If CISC directed us to remediate deficiencies within 90 days, could we demonstrate compliance?
In early 2025, CISC directed multiple operators to rectify serious deficiencies within 90 days. Organisations assuming 2023-vintage documentation remained adequate discovered otherwise.
The Strategic Imperative
The SOCI Act exists because government concluded that market forces alone will not deliver adequate protection for critical infrastructure. The December 2024 amendments made the implied threat explicit: the CISC can now direct organisations to fix deficiencies, and non-compliance is no longer a theoretical risk.
Energy sector leaders should take this signal seriously. The organisations that treat SOCI compliance as a strategic investment rather than a regulatory burden will emerge more resilient, more operationally capable, and better positioned to manage board liability. The three-tier Resilience Maturity Model provides a framework for this transition: from Tier 1 compliance that satisfies auditors, through Tier 2 integration that detects and contains incidents, to Tier 3 resilience that absorbs sophisticated attacks while maintaining critical operations.
Those pursuing minimal compliance will satisfy auditors, until an incident exposes what their paper compliance actually protected: nothing. The gap between compliance and resilience is not a nuance. It is the difference between regulatory survival and operational catastrophe. For critical infrastructure boards, the time to choose which side of that gap they occupy is now.
Frequently Asked Questions
What is the SOCI Act and who does it apply to?

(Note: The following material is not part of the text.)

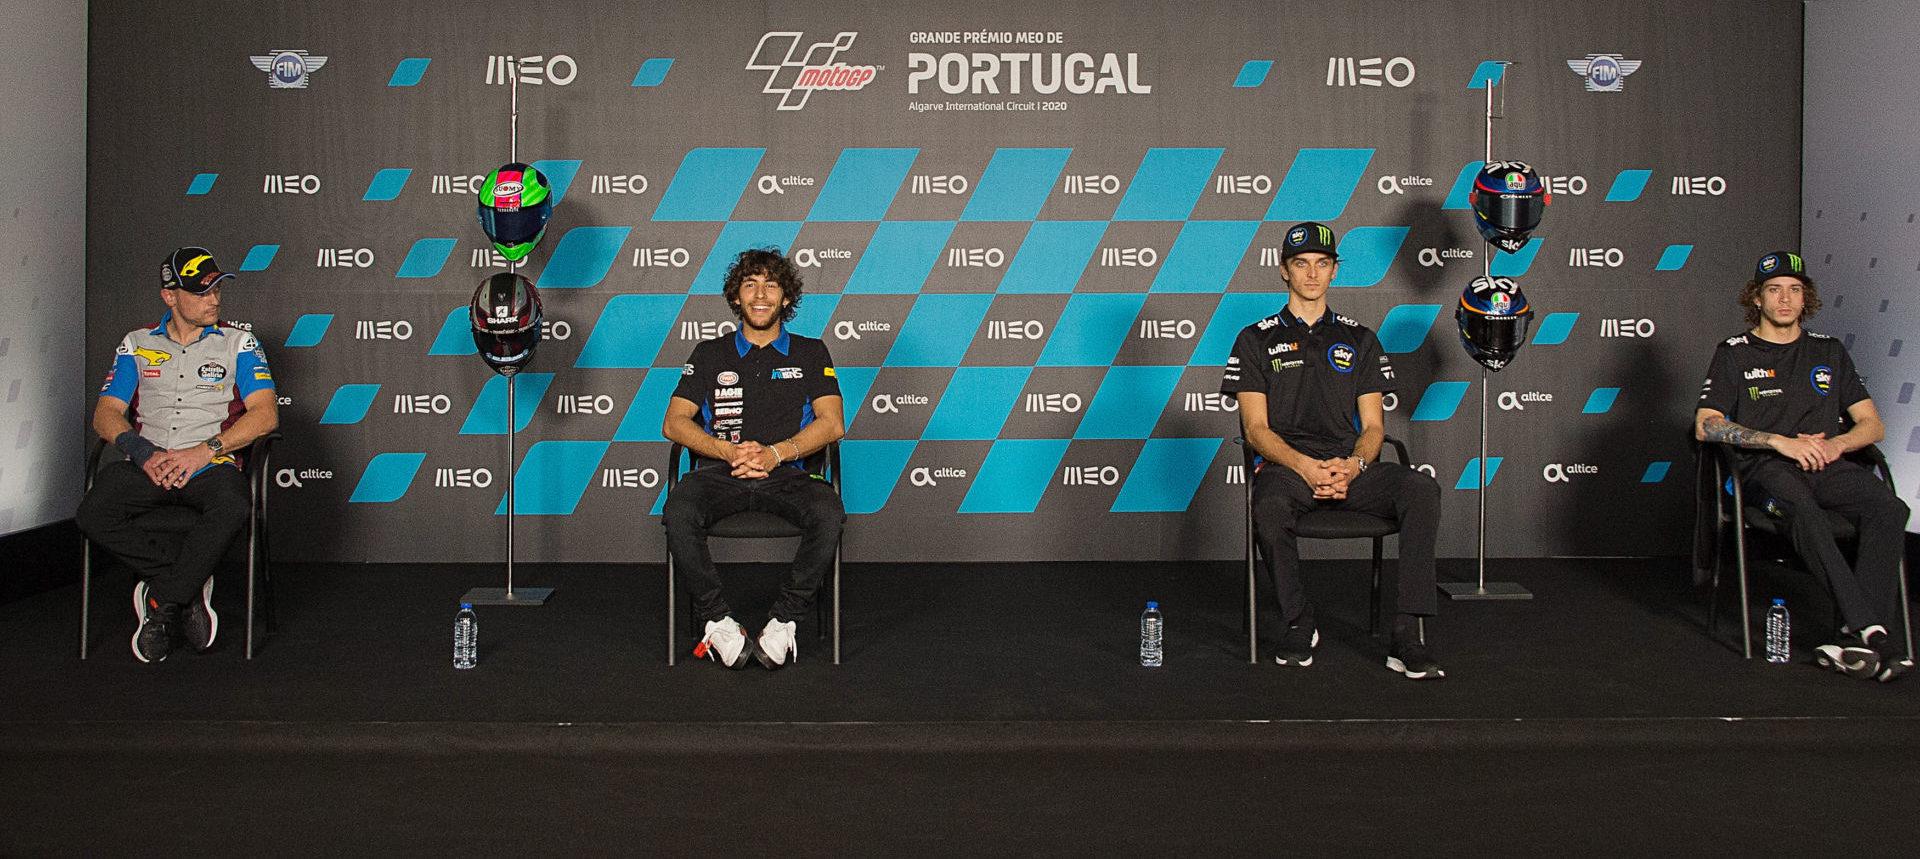 2020 Moto2 World Championship contenders (from left): Sam Lowes, Enea Bastianini, Luca Marini, and Marco Bezzecchi. Photo courtesy Dorna.

The Security of Critical Infrastructure Act 2018, significantly amended through December 2024, applies to organisations operating critical infrastructure assets across 11 sectors including energy, communications, data storage, financial services, and water. The amendments introduced expanded all-hazards scope extending beyond cyber incidents to physical threats, supply chain disruptions, and natural disasters. The CISC can now direct responsible entities to vary deficient Risk Management Programs.
What is a Risk Management Program under SOCI?
A Risk Management Program is a documented framework identifying material risks to critical infrastructure assets and establishing measures to mitigate those risks. It must address cyber security, personnel security, supply chain security, and physical security hazards under the expanded all-hazards scope introduced in December 2024. Programs must be filed with the Cyber and Infrastructure Security Centre and supported by annual board attestation confirming ongoing adequacy.
Will SOCI compliance stop a nation-state attack?
No. Compliance establishes a regulatory baseline but does not guarantee security against sophisticated state-sponsored adversaries. A compliant Risk Management Program documents that the organisation attempted to manage risk; it does not demonstrate that controls are effective against advanced persistent threats. True operational resilience requires moving beyond checkbox compliance to build defence-in-depth architectures, continuous monitoring, and tested incident response capabilities.
What are the penalties for SOCI non-compliance?
Penalties include civil penalties up to $44,400 per day for ongoing contraventions, government intervention and step-in powers allowing the CISC to direct specific remediation actions, and potential personal liability for directors overseeing systemic governance failures. The December 2024 amendments strengthened enforcement by empowering the CISC to compel responsible entities to vary deficient Risk Management Programs.
What is the relationship between SOCI Act compliance and Essential Eight maturity?
The SOCI Act and Essential Eight framework operate as complementary but distinct obligations. SOCI requires comprehensive risk management across all hazards including cyber, physical, supply chain, and personnel security. Essential Eight provides specific technical mitigation strategies for cyber security baseline controls. Critical infrastructure operators must satisfy both frameworks, with SOCI establishing governance obligations while Essential Eight addresses technical control implementation.